LÍNGUA MATERNA, LÍNGUA PATERNA
Por MARCOS - 08/03/2013 às 22:48
LÍNGUA MATERNA, LÍNGUA PATERNA
O linguista Bernard Cerquiglini, em dois de seus livros sobre a história do francês, emprega a expressão língua paterna para se referir ao produto das políticas de normatização que incidem sobre as línguas de sociedades grafocêntricas, como as europeias. Evidentemente, língua paterna se contrapõe a língua materna, um conceito muito difundido e de uso amplo dentro e fora das discussões especializadas. Cerquiglini emprega muito esporadicamente a expressão nos livros citados, mas vale a pena desenvolvê-la um pouco mais aqui, porque me parece uma interessante polarização para entendermos as relações entre linguagem e sociedade.
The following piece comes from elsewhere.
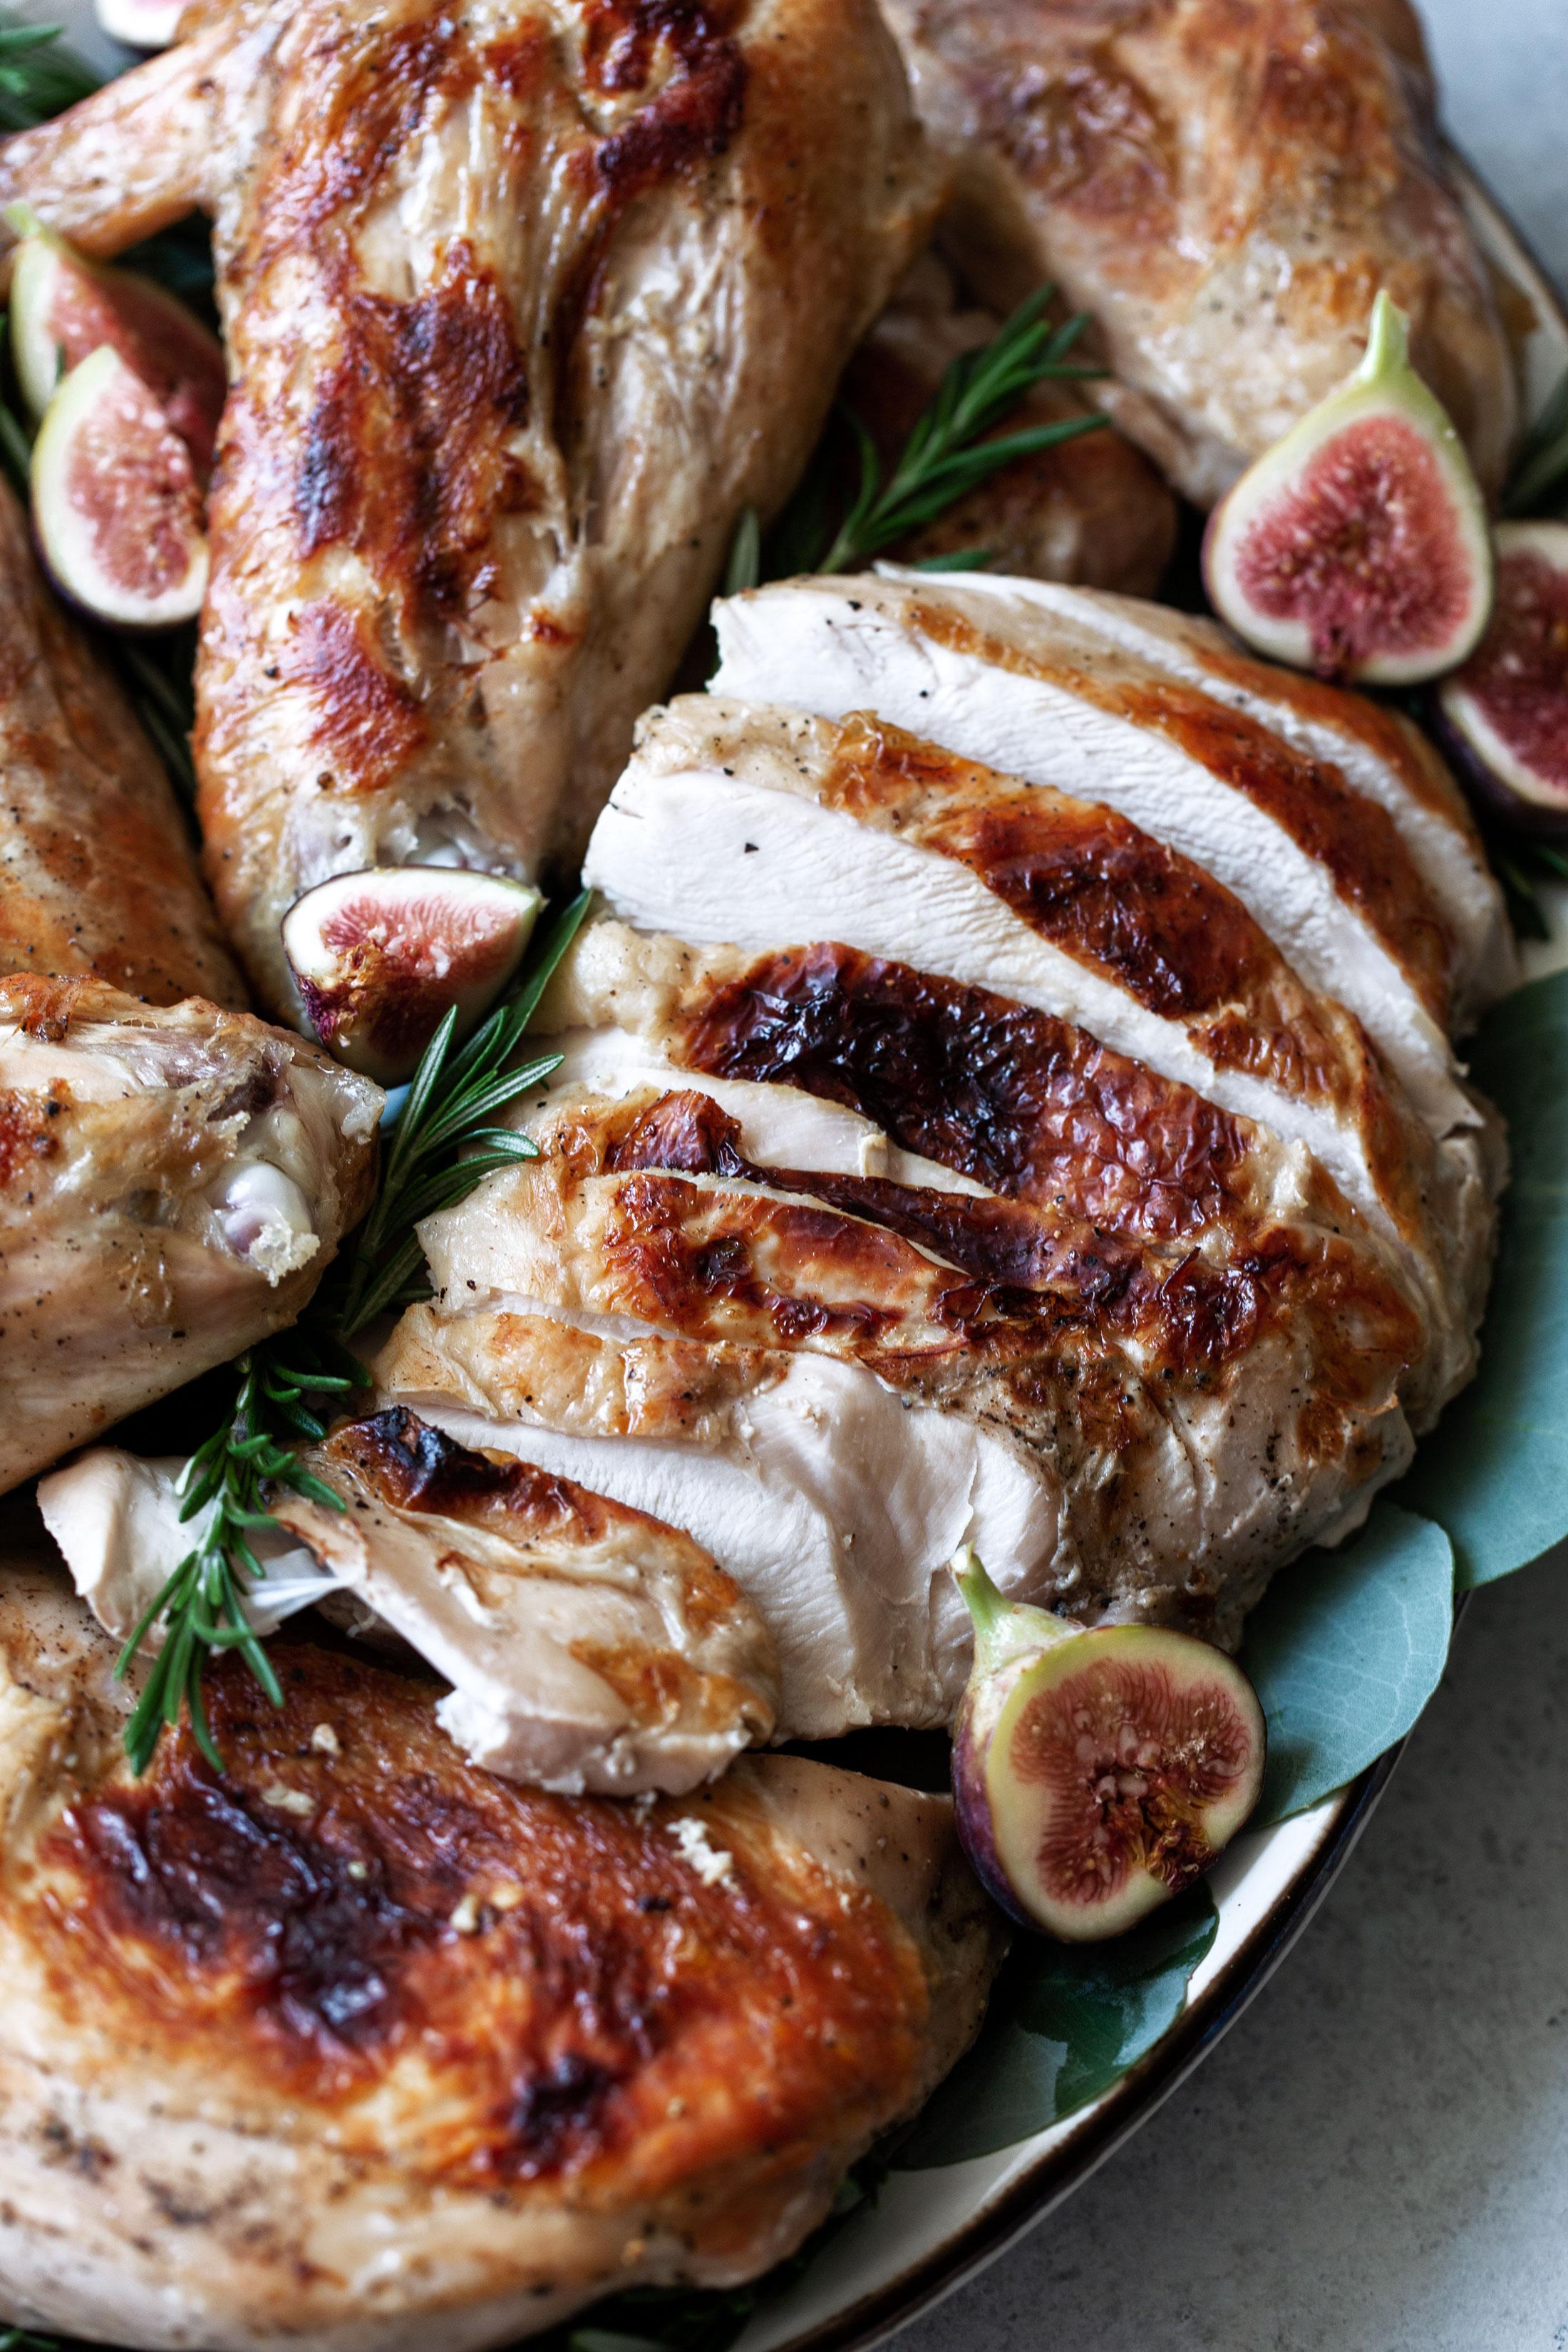 Lemon Rosemary Sous-Vide Turkey with White Wine Gravy recipe from sous-vide magazine closeup

A língua materna é precisamente a língua da mãe, a língua que cada pessoa começa a adquirir tão logo nasce e cria o vínculo afetivo-linguístico com a mãe (ou, na falta dela, com a pessoa que venha a preencher esse papel). É uma língua puramente oral — falada e ouvida —, mesmo quando provém da voz de uma pessoa altamente letrada. Língua do afeto, do desejo, do íntimo, do sonho, vive à margem dos ditames da norma canonizada. A língua materna é intrinsecamente variável, doméstica, familiar, idioma particular daquilo que em inglês se chama household, um termo que inclui a casa, seus ocupantes e todas as atividades ali desenvolvidas por eles. Quando, na história de cada sociedade, uma determinada língua — ou mais precisamente, uma das variedades dessa língua — é alçada à condição de língua oficial, ocorre uma importante metamorfose — a língua materna se torna língua paterna, transformada em padrão (do latim patronu-, onde está presente a raiz pater- ‘pai’, mesmo vocábulo do qual procedem patrão e patrono). É a língua patrocinada pelo Estado e, irradiando-se dele, a língua da escola — isso explica o choque que muitas pessoas (especialmente os falantes de variedades linguísticas estigmatizadas) experimentam ao tomar contato pela primeira vez com uma língua que, em boa medida, além de estranha é quase estrangeira. A língua paterna é essencialmente escrita, ortografizada, normatizada.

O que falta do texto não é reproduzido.